Послушай, Тузик. Еще одно слово в таком духе — и я тебя вздую.
Нет, подожди, — перебила она. — Я серьезно. Ты думаешь, почему я плакала? Мне было обидно, что ты первый сказал, не потерпел, пока я сама скажу... А потом я вспомнила, что мы ведь сами по себе... И никого, кроме нас, здесь нет... И никто никогда не узнает, что ты сказал первый, а не я...
А со мной всегда можно договориться...
А с тобой всегда можно договориться. Так вот мы и договоримся о двух вещах. Первое: это я, а не ты, сказала. И второе — сегодня последний раз, договорились?
Я кивнул — слишком поспешно, пожалуй, но мне так хотелось кончить этот неприятно начатый разговор. А потом все было по-прежнему: это была отчаянная, милая, послушная моя Тузька, незнакомый человек проглянул в ней лишь на минуту.
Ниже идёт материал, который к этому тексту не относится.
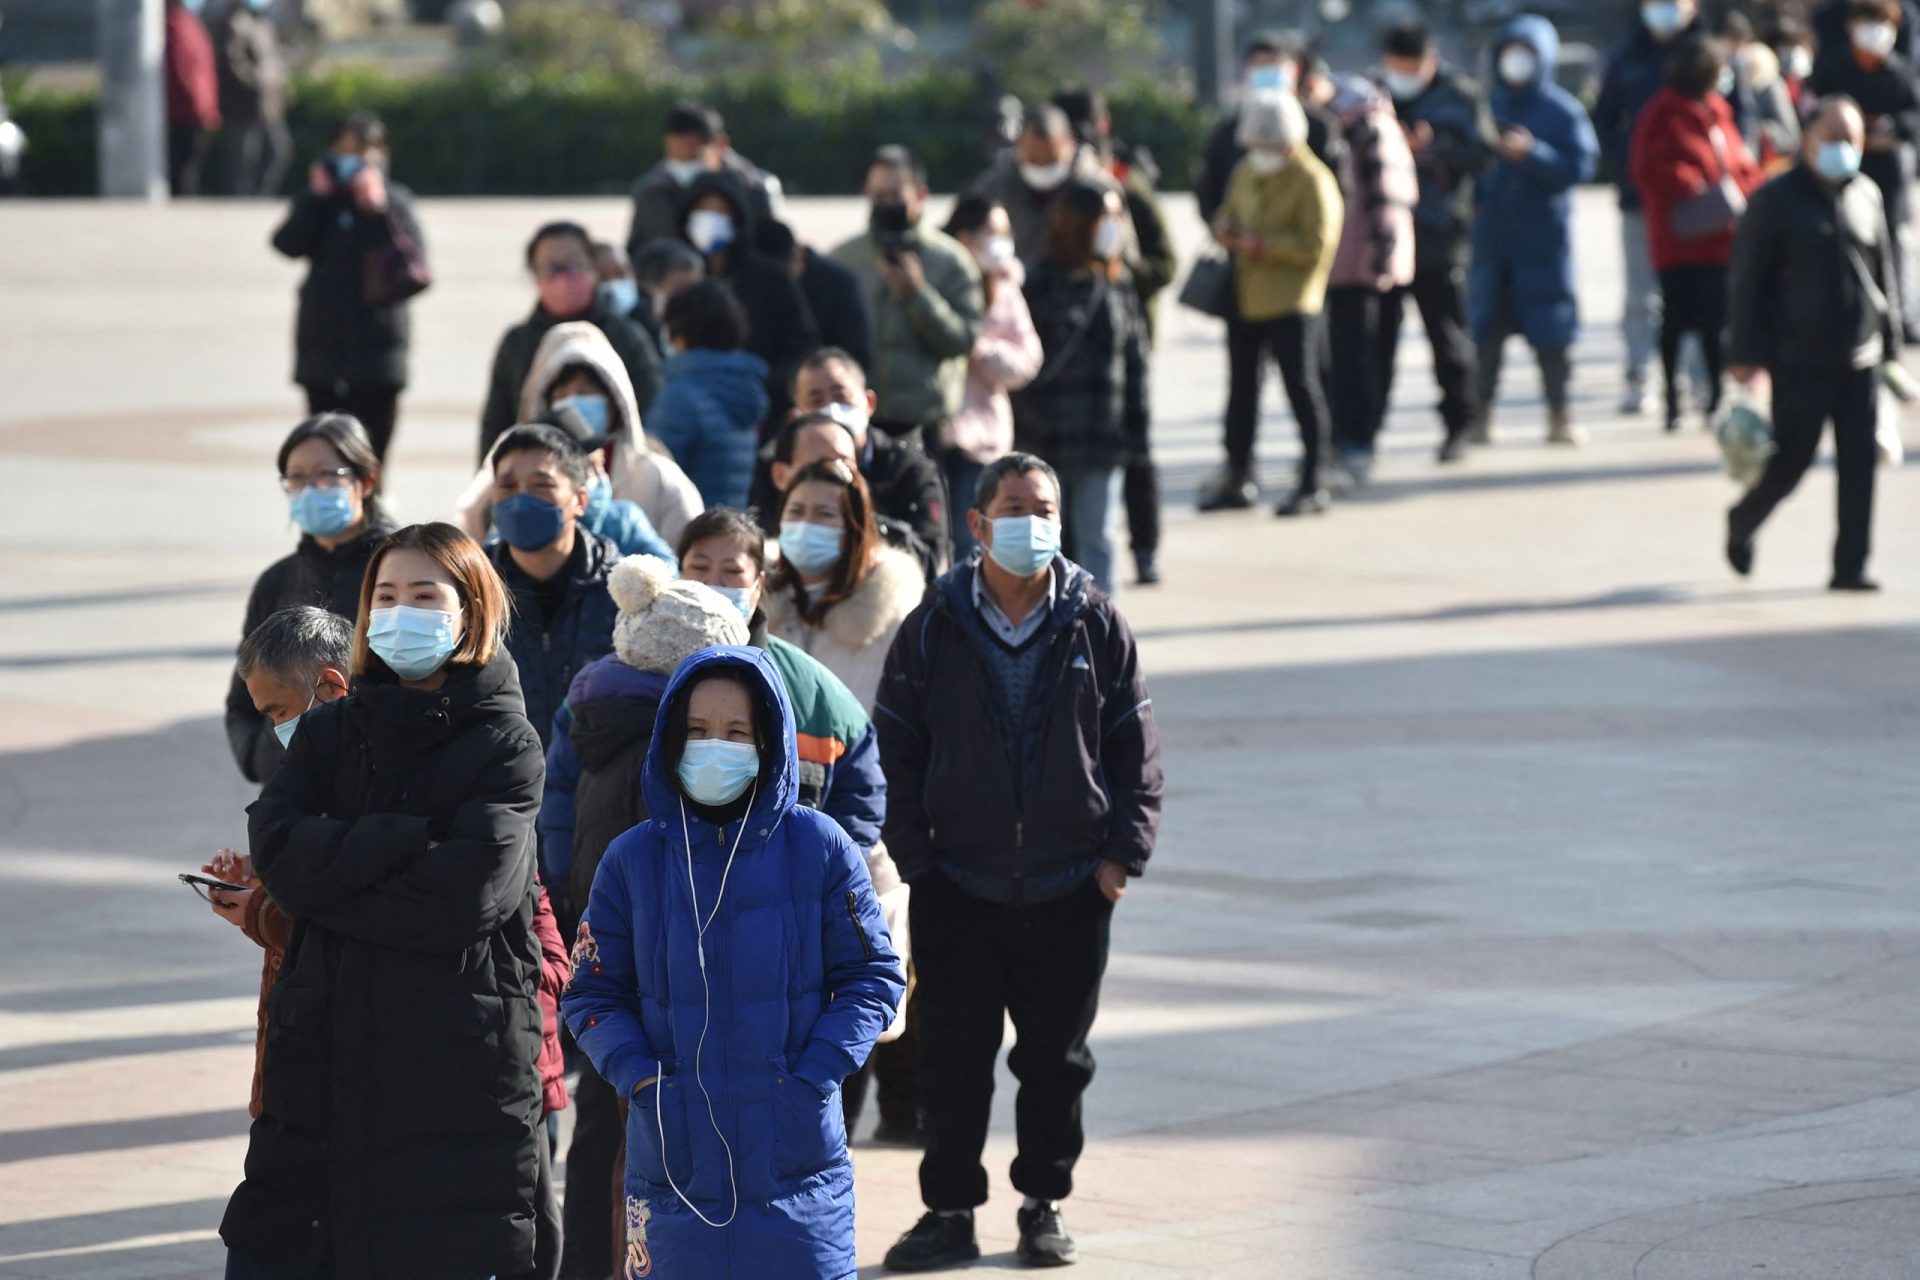 O que permanece e o que muda na luta chinesa contra epidemia

Я уже засыпал, а она все еще лежала, прижавшись лицом к моему плечу, с открытыми глазами, и ресницы щекотали меня при каждом взмахе.
Совсем уже под утро я почувствовал ее пальцы на своих губах и, проснувшись мгновенно, увидел, что она сидит, наклонившись надо мной, и с жадностью вглядывается в мое лицо, водя пальцами по бровям, подбородку.
Что ты, Тузик мой? — спросил я, притягивая ее к себе.
Ничего, спи, милый... — отвечала она, но в голосе ее было такое, от чего я уже не смог бы заснуть.
В это утро мы чуть не влипли. Было уже семь, а мы еще и не собирались вставать.
Ну, привет, — сказал я, когда по коридору зашаркали старухины шаги. — Мне уже не выйти... -
Пусть... — ответила она, но тут же подняла голову и, прислушиваясь, быстро встала.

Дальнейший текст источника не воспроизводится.